§ **Your objective**
The expected result is the full listing, retyped exactly, without a single picture.

§ **Collected data**
——————————
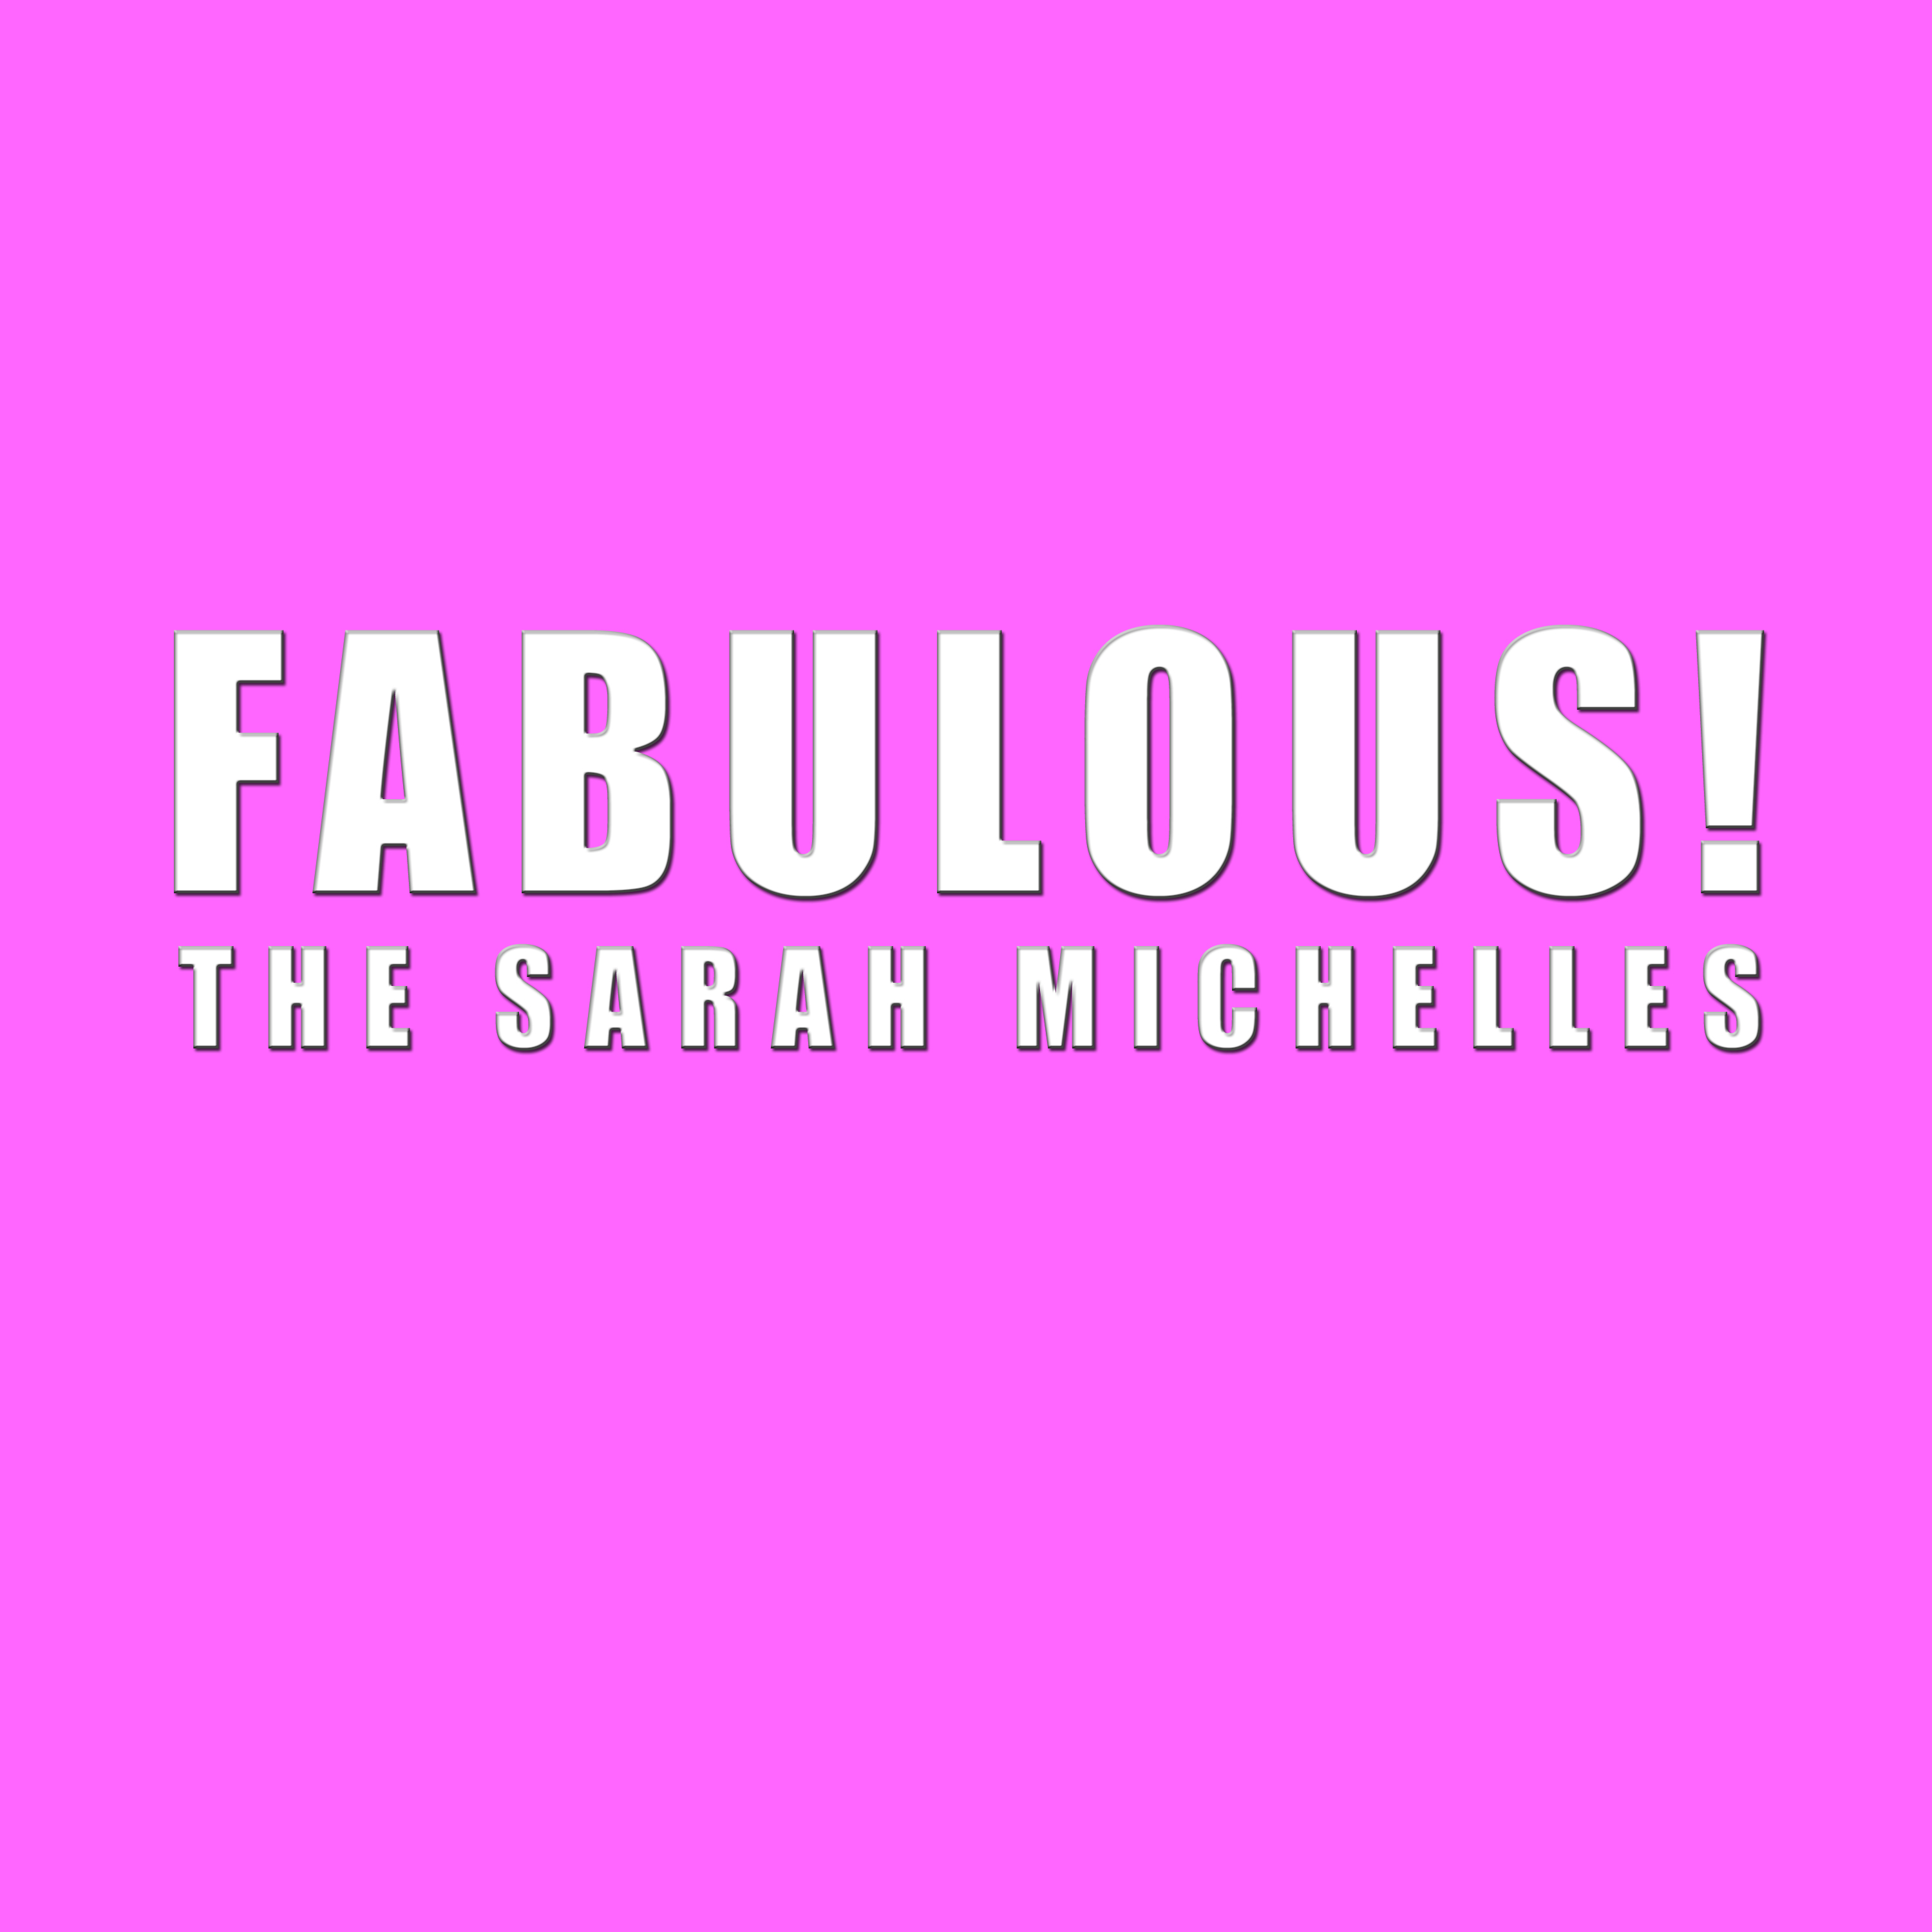 The Sarah Michelles - Fabulous!
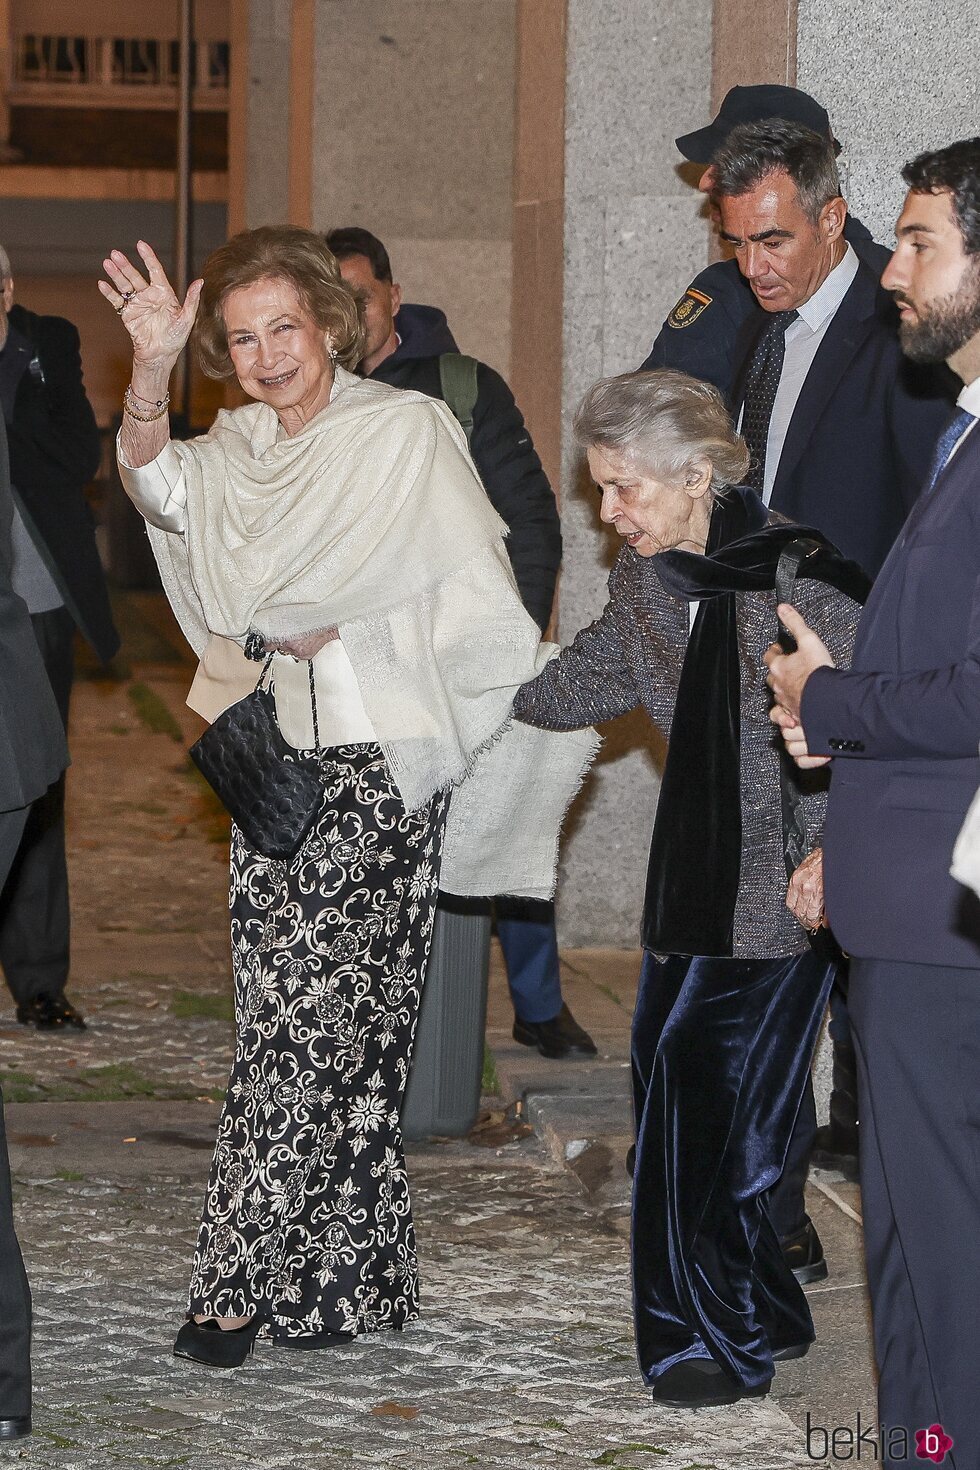 La Reina Sofía e Irene de Grecia, cogidas del brazo tras el concierto de Zubin Mehta en Madrid
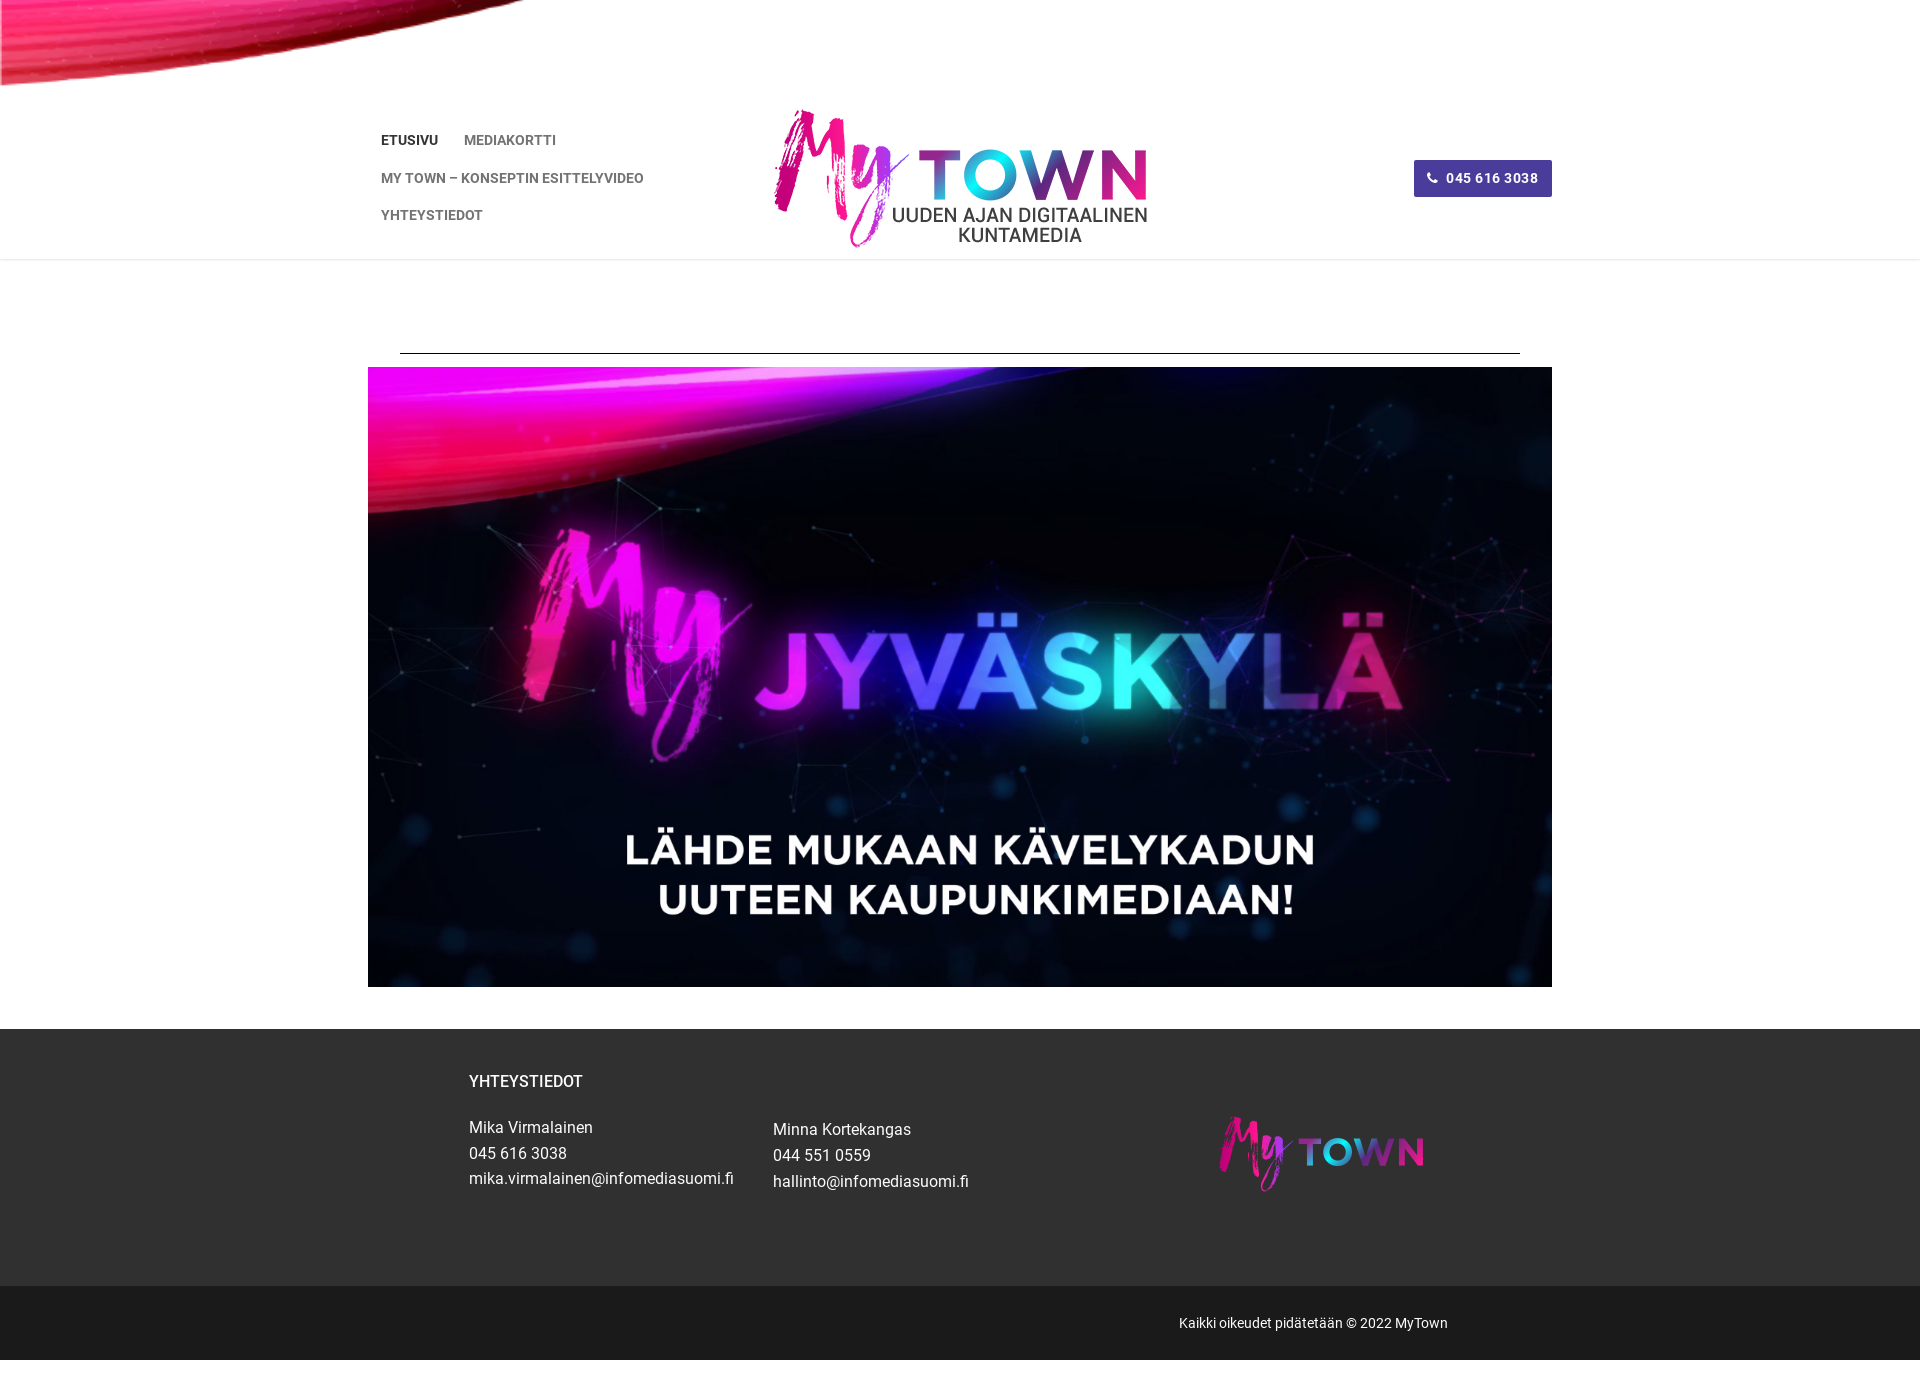 Näyttökuva mytown.fi
——————————
§ **Your response**
 The Sarah Michelles - Fabulous!
 La Reina Sofía e Irene de Grecia, cogidas del brazo tras el concierto de Zubin Mehta en Madrid
 Näyttökuva mytown.fi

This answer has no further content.